RESULTSLaparoscopic gastrectomy for advanced distal gastric cancer with membrane-based right-sided approach of laparoscopic suprapancreatic lymph node dissection was successfully carried out in all the 41 patients. Distal gastric mesenteria en bloc resection was successfully performed. The operation time was (145.2±25.4) minutes and intraoperative blood loss was (53.3±18.3) ml without massive bleeding and severe complication.
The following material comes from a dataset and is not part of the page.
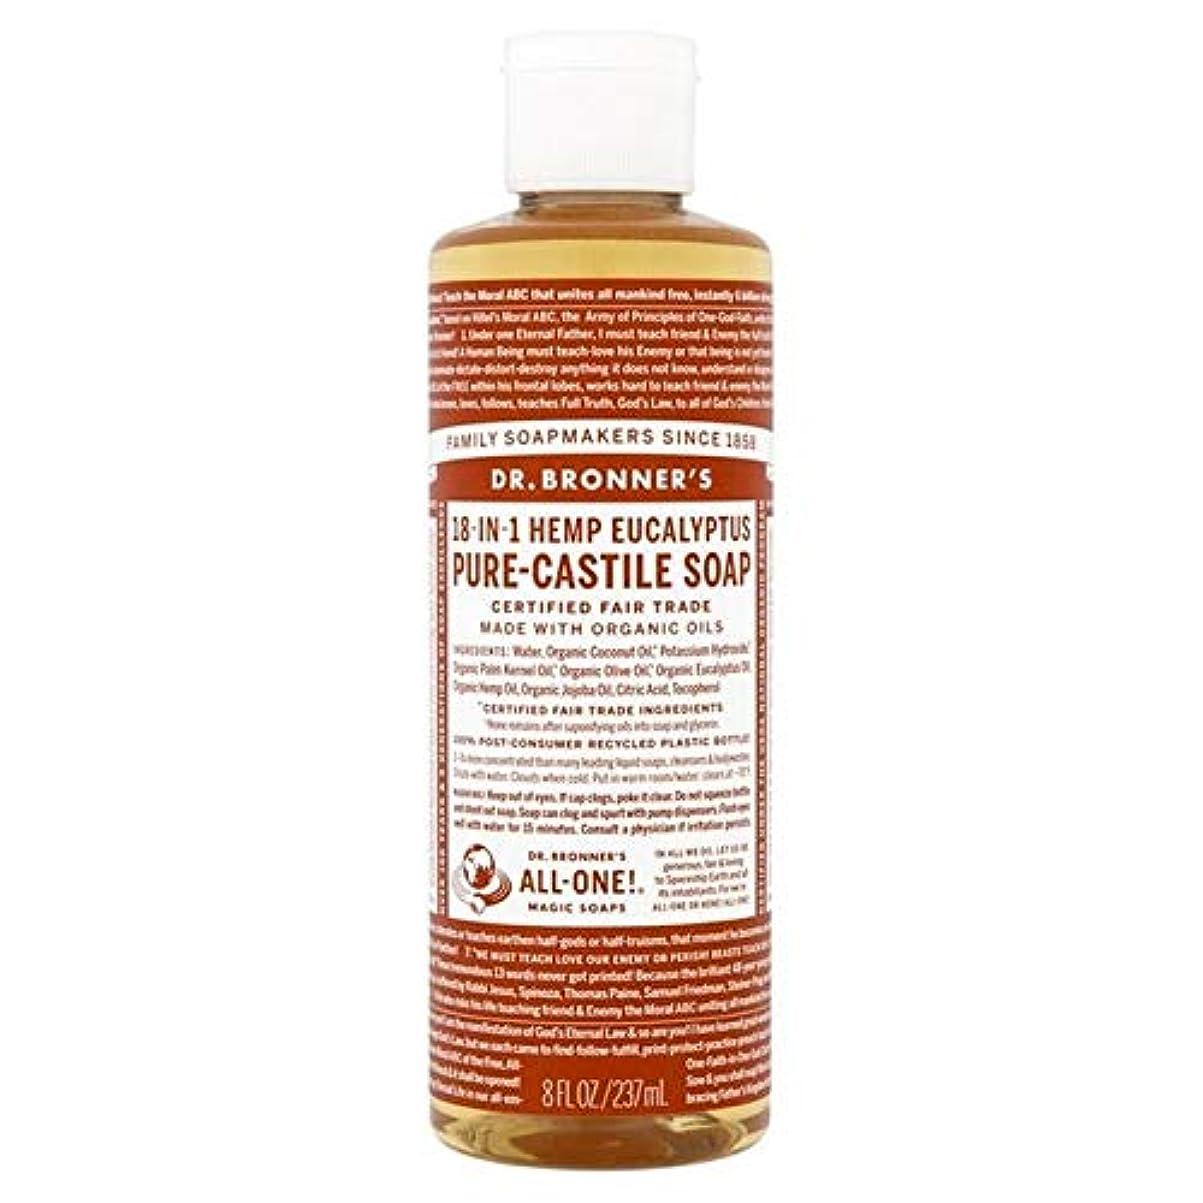 うそつき株式恐れ[Dr Bronner] Dr。ブロナーズ有機ユーカリの純粋な-カスティーリャ液体石鹸237ミリリットル - Dr. Bronner's Organic Eucalyptus Pure-Castile Liquid Soap...

Number of lymph nodes dissected was 41.1±6.4, and number of suprapancreatic lymph node dissected was 23.3±3.7 without residual cancer at cut margin by pathology. Postoperative drainage volume was (65.8±21.7) ml; time to withdraw of catheter was (7.0±1.7) days; time to fluid intake was (3.5±1.8) days; postoperative hospital stay was (10.4±2.8) days; time to postoperative anal exhaust was (3.3±1.1) days. No complications, such as chyle leakage, postoperative massive bleeding, anastomotic leakage, abdominal cavity infection or gastroplegia occurred within 30 days after surgery.

CONCLUSIONMembrane-based right-sided approach of laparoscopic suprapancreatic lymph node dissection for advanced distal gastric cancer can achieve en bloc resection and conform to the radical principle of oncology, and is safe and feasible.